DATA BLOCK START
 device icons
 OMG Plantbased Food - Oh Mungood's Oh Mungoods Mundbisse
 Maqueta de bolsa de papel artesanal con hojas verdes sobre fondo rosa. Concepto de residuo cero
DATA BLOCK END
EXERCISE DIRECTIONS:
Write the whole listing out again exactly.

ANSWER TO THIS EXERCISE:
 device icons
 OMG Plantbased Food - Oh Mungood's Oh Mungoods Mundbisse
 Maqueta de bolsa de papel artesanal con hojas verdes sobre fondo rosa. Concepto de residuo cero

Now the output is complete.